American musician (1882–1953)

Pietro Capodiferro (October 13, 1882 – May 10, 1953) was an American trumpeter, cornetist and recording artist. He was the principal trumpet with the Metropolitan Opera Orchestra from 1912 to 1919.

==Early life==
Pietro Capodiferro was born in Acquaviva, Bari, Italy on October 13, 1882, the son of Vito Antonio Capodiferro (1854–1925) and Nunziata Maria Giandomenico (1858-19?). Pietro and his father emigrated to the United States in 1898 while his mother and siblings emigrated in 1899. They settled in Manhattan, New York.

==Performance career==
Pietro Capodiferro began his musical career as trumpeter with the Twenty-Second Regiment Band. In 1902 he was principal trumpet with the New York Symphony Society Orchestra, succeeding Albert Bode. In 1906 he was trumpeter with the Manhattan Opera House, a competitor of the Metropolitan Opera Orchestra. In 1912 he became principal trumpet with the Metropolitan Opera Orchestra, succeeding Jacob Hagar. He remained in that position through 1919, eventually leaving due to an illness. After his tenure there, he became director of the orchestra of Oscar Hammerstein's Manhattan Opera Company.

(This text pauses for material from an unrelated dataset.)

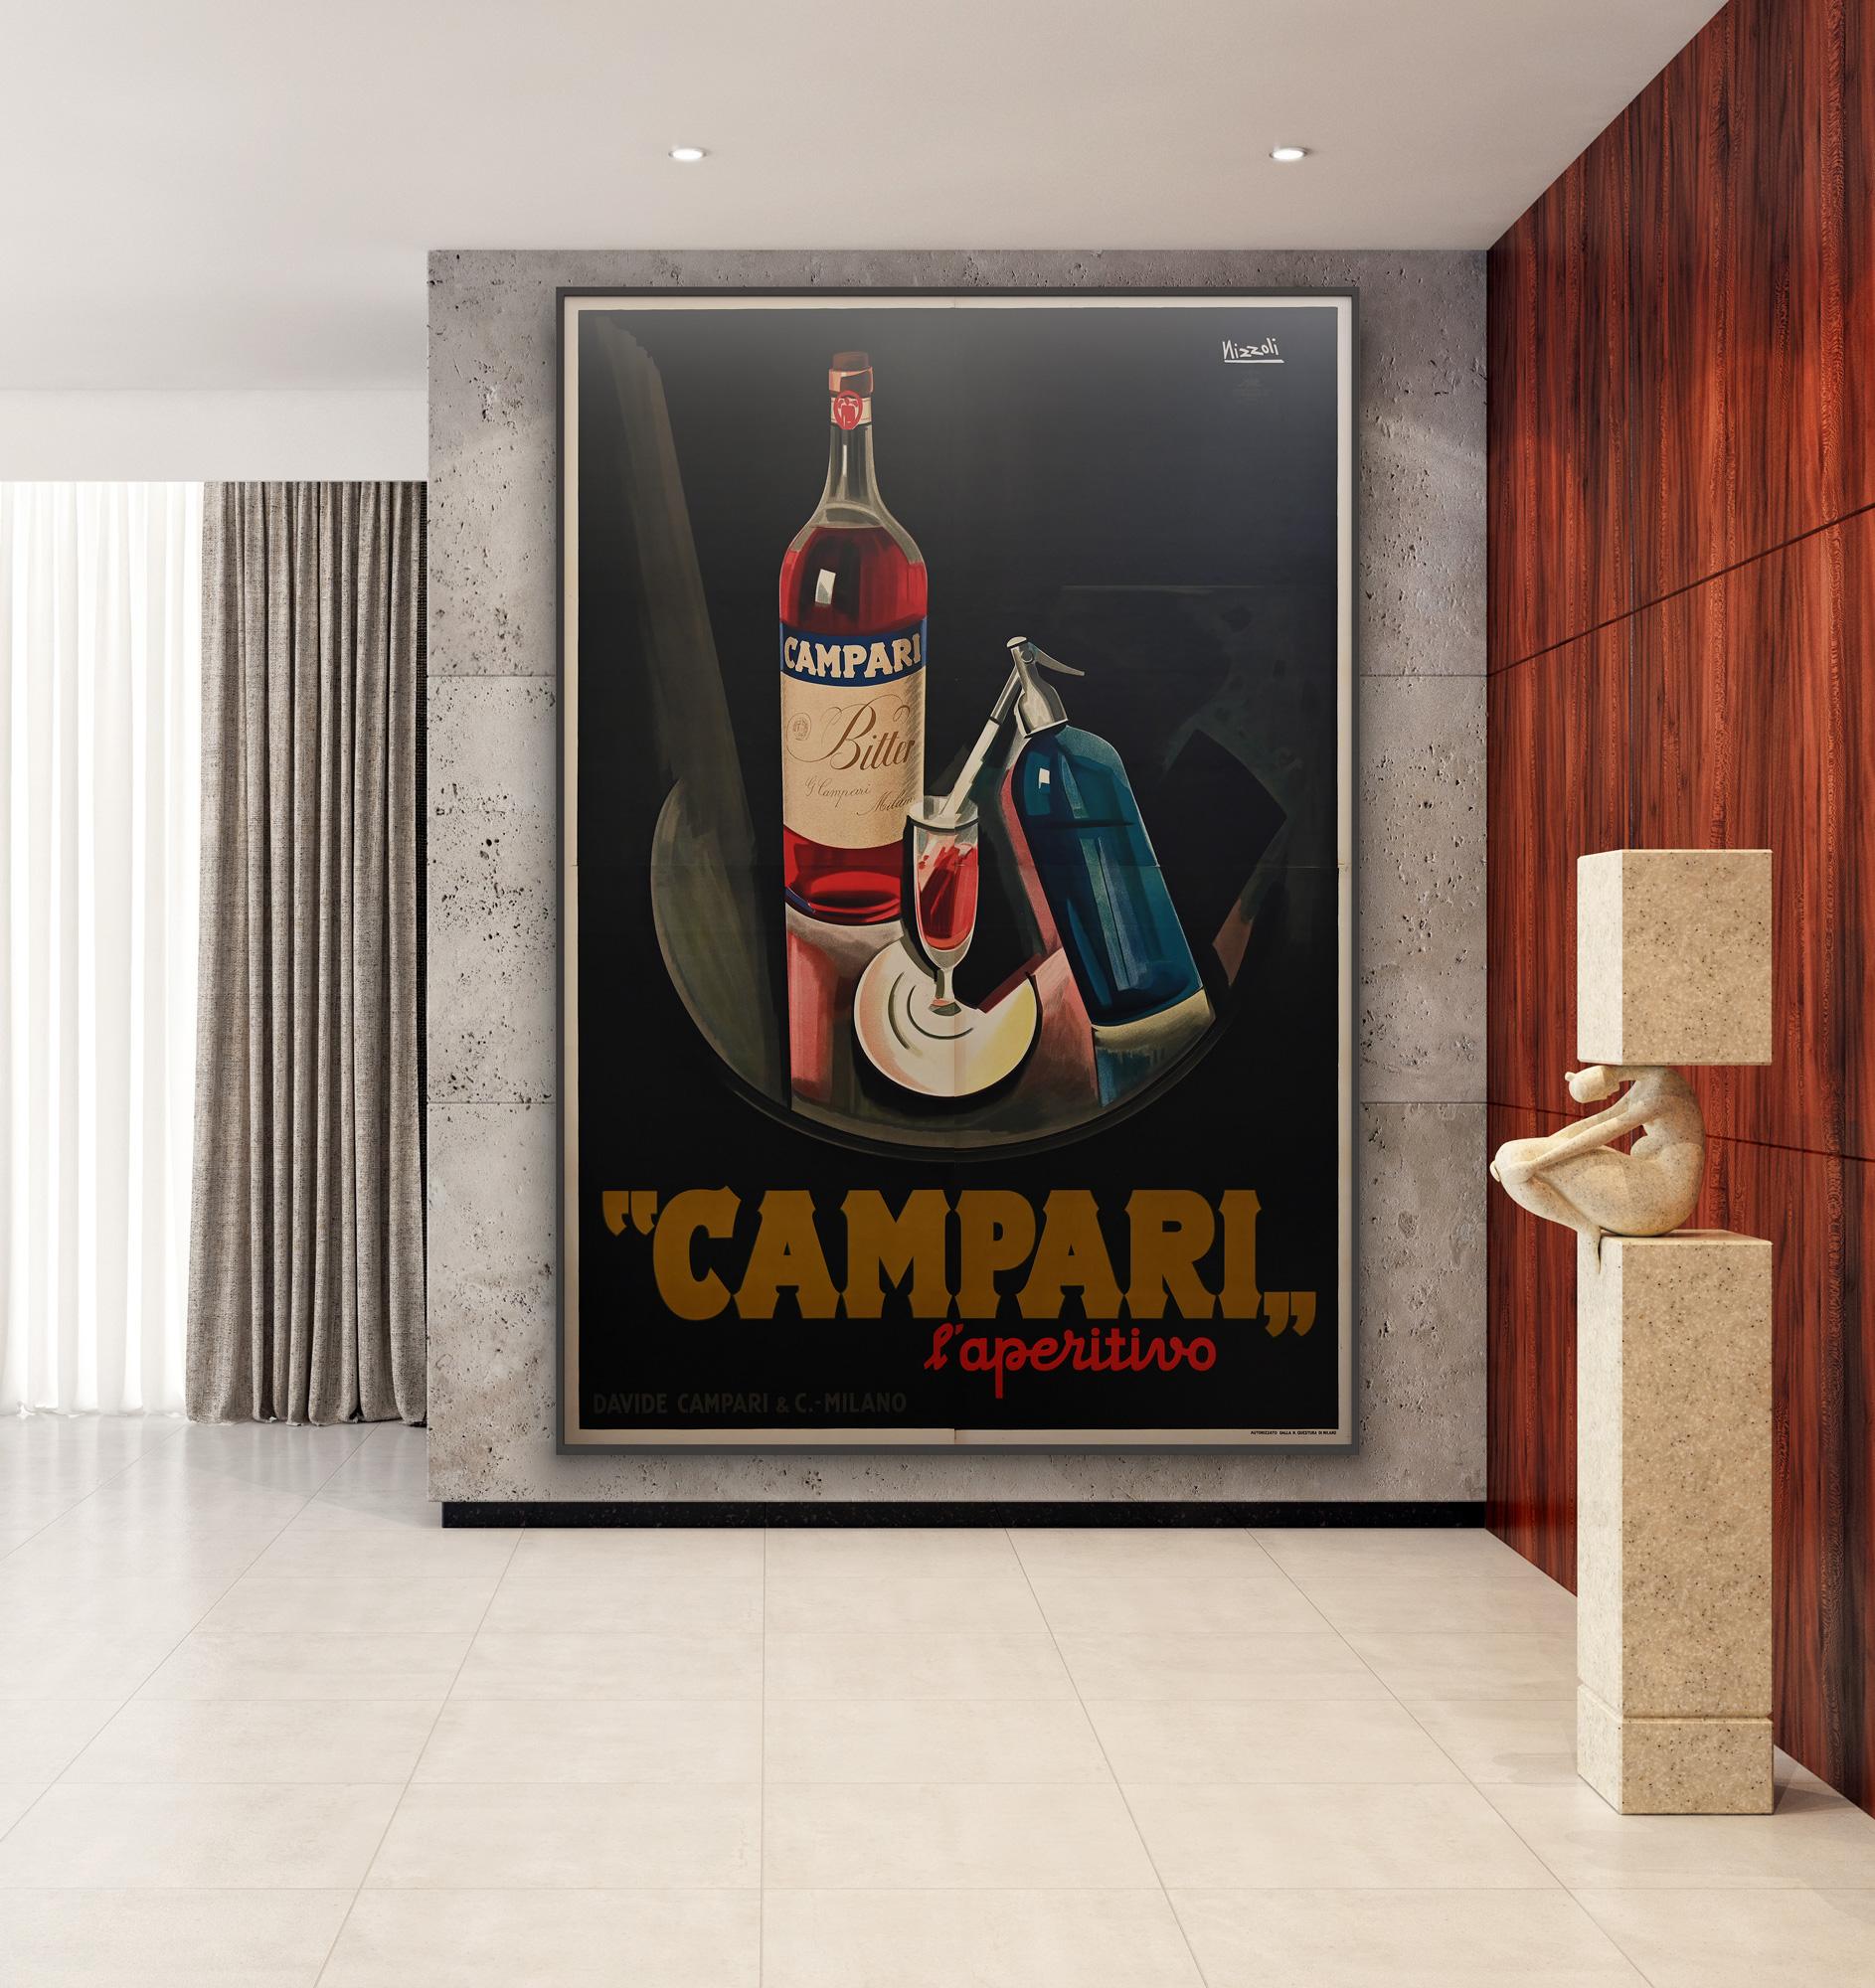 Fabuleuse affiche publicitaire italienne de 1926 pour Bitter Campari. Nous adorons le design saisissant de Marcello Nizzoli qui offre un impact Maximum sur cette affiche géante, la plus grande version de l'affiche jamais imprimée. Exceptionnellement

In 1914, he was listed as a member of Nahan Franko's band. In 1920, he became principal trumpet with the New Symphony Orchestra under the direction of Arthur Bodanzky. From 1920 to 1926 he was principal trumpet with The Capital Theater. In the late 1920s he was principal trumpet with the Roxy Symphony Orchestra. During the late 1920s and early 1930s he was a New York City based radio musician. On July 15 and 16 he was guest cornet soloist with the famous Goldman Band of New York. There is no specified cornet solo listed on the program, but he was known to have already recorded Rossini's "Inflammatus" from Stabat Mater, a piece frequently performed by the Goldman Band. He also performed with the Goldman Band cornet trio, performing Victor Herbert's "The Three Solitaires" along with fellow cornetists David Rosebrook and Frank Elsass.

==Death==
Pietro Capodiferro died on May 10, 1953, in Brookhaven, NY. His wake was held at the Park East Memorial Chapel in the Bronx, New York.